ABSTRACT

Deep learning (DL) is occupying a crucial part in the applications related to computer vision that might show various remarkable performances throughout the applications. The major obstacle identified in the DL applications is its complexity in computing. So, there needs an algorithm to reduce the computational complexity in its applications. Many diseases are diagnosed from the images taken in CT and MRI scans. This chapter aimed at the early prediction of Alzheimer’s disease (AD), an algorithm that discriminates the mild cognitive impairment (MCI) and cognitive normal (CN) is casted-off, which shows better results in its analysis. Another survival model is used for the improvement in the accuracy of the prediction, followed by the reduction of ring artifacts in the images. Three consecutive methods are implemented one after the other, which generates a corrected image by means of correlation. In another method for the identification of tuberculosis (TB), a CNN mixed with LSTM is utilized. This shows better results and reduces the computational complexity to the core maximum.
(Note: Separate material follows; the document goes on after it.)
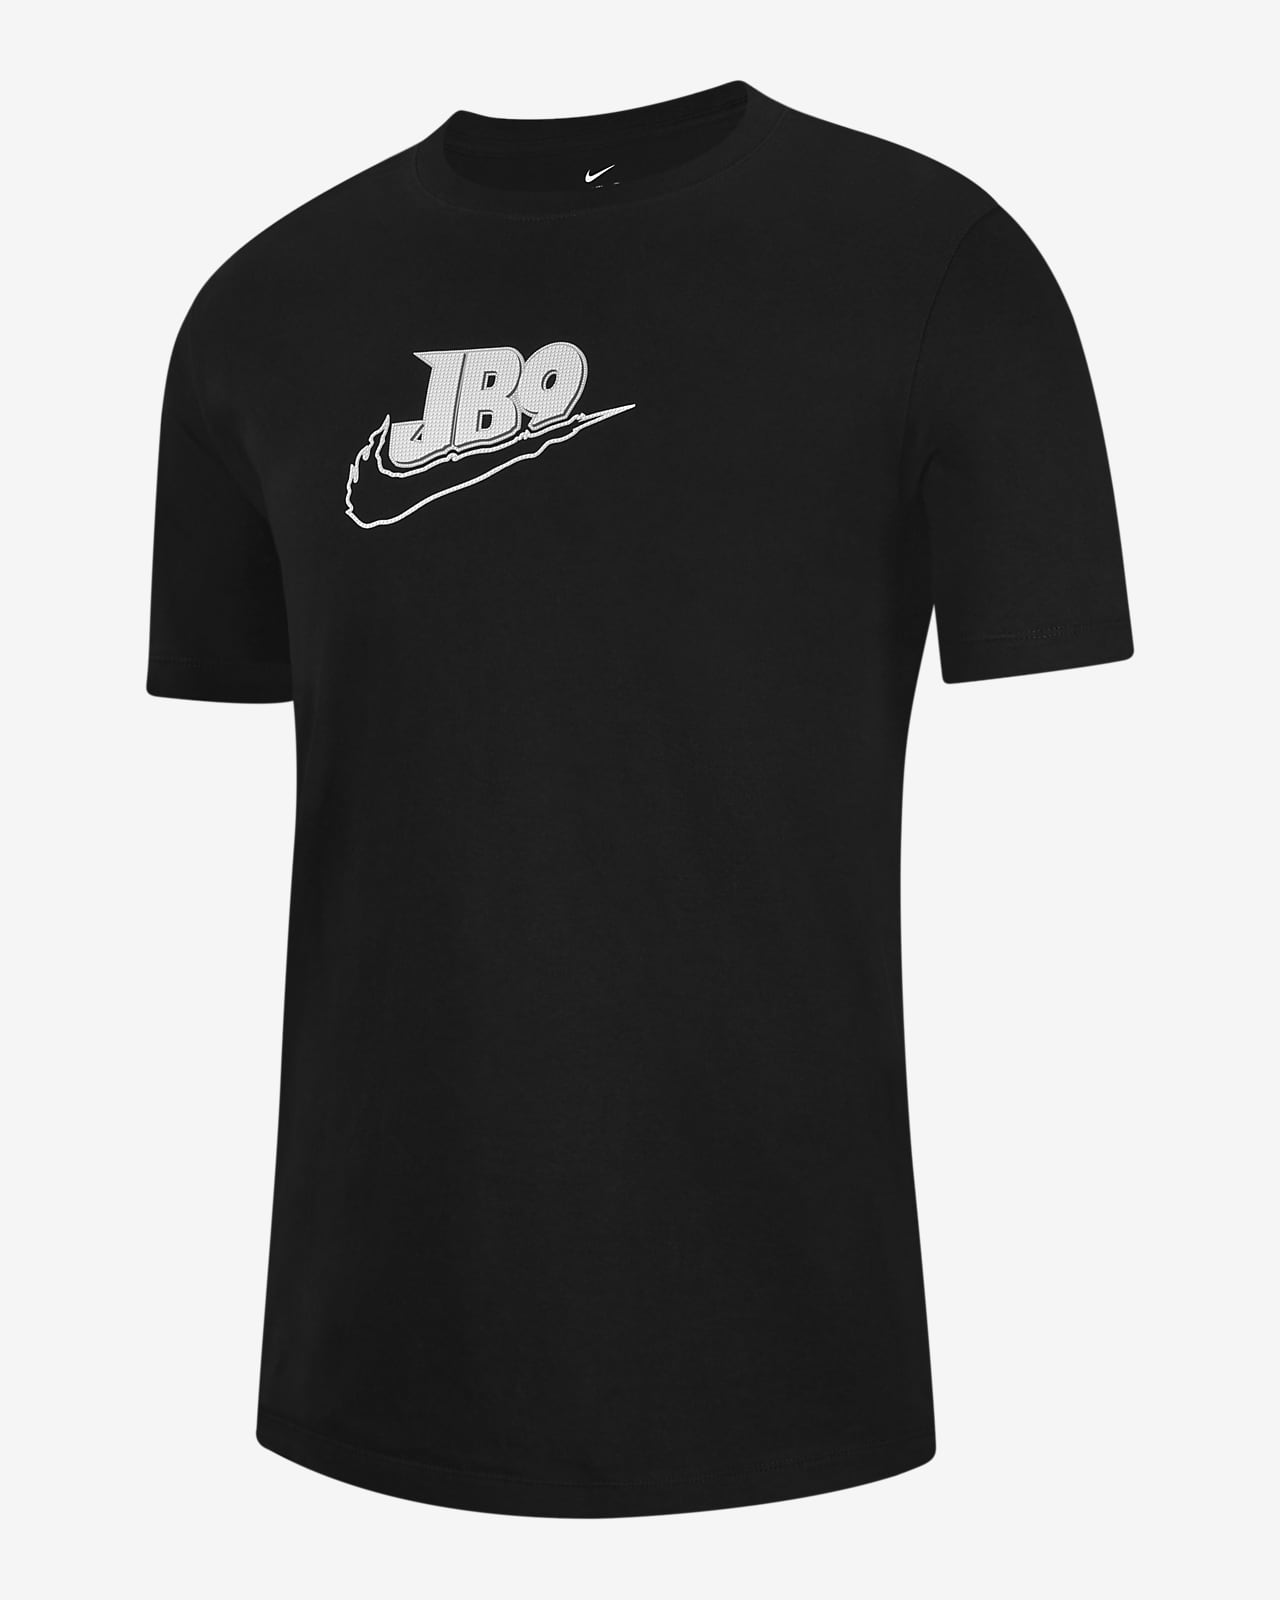 Joe Burrow Men's T-Shirt.

This is achieved by retrieving the microscopic images collected from infected persons. CNN is trained in such a way to achieve a prediction accuracy of 99.99%. For estimating the feature of the images, a CNN that is trained earlier is used along with a support vector machine (SVM) classifier and the multilayer perceptron (MLP). For establishing the stable learning framework, a deep CNN is presented along with a cascaded structure that will increase the accuracy. On the whole, this chapter describes some of the methods for reducing the computational complexity of the medical image classifications, thus increasing the chance of disease prediction.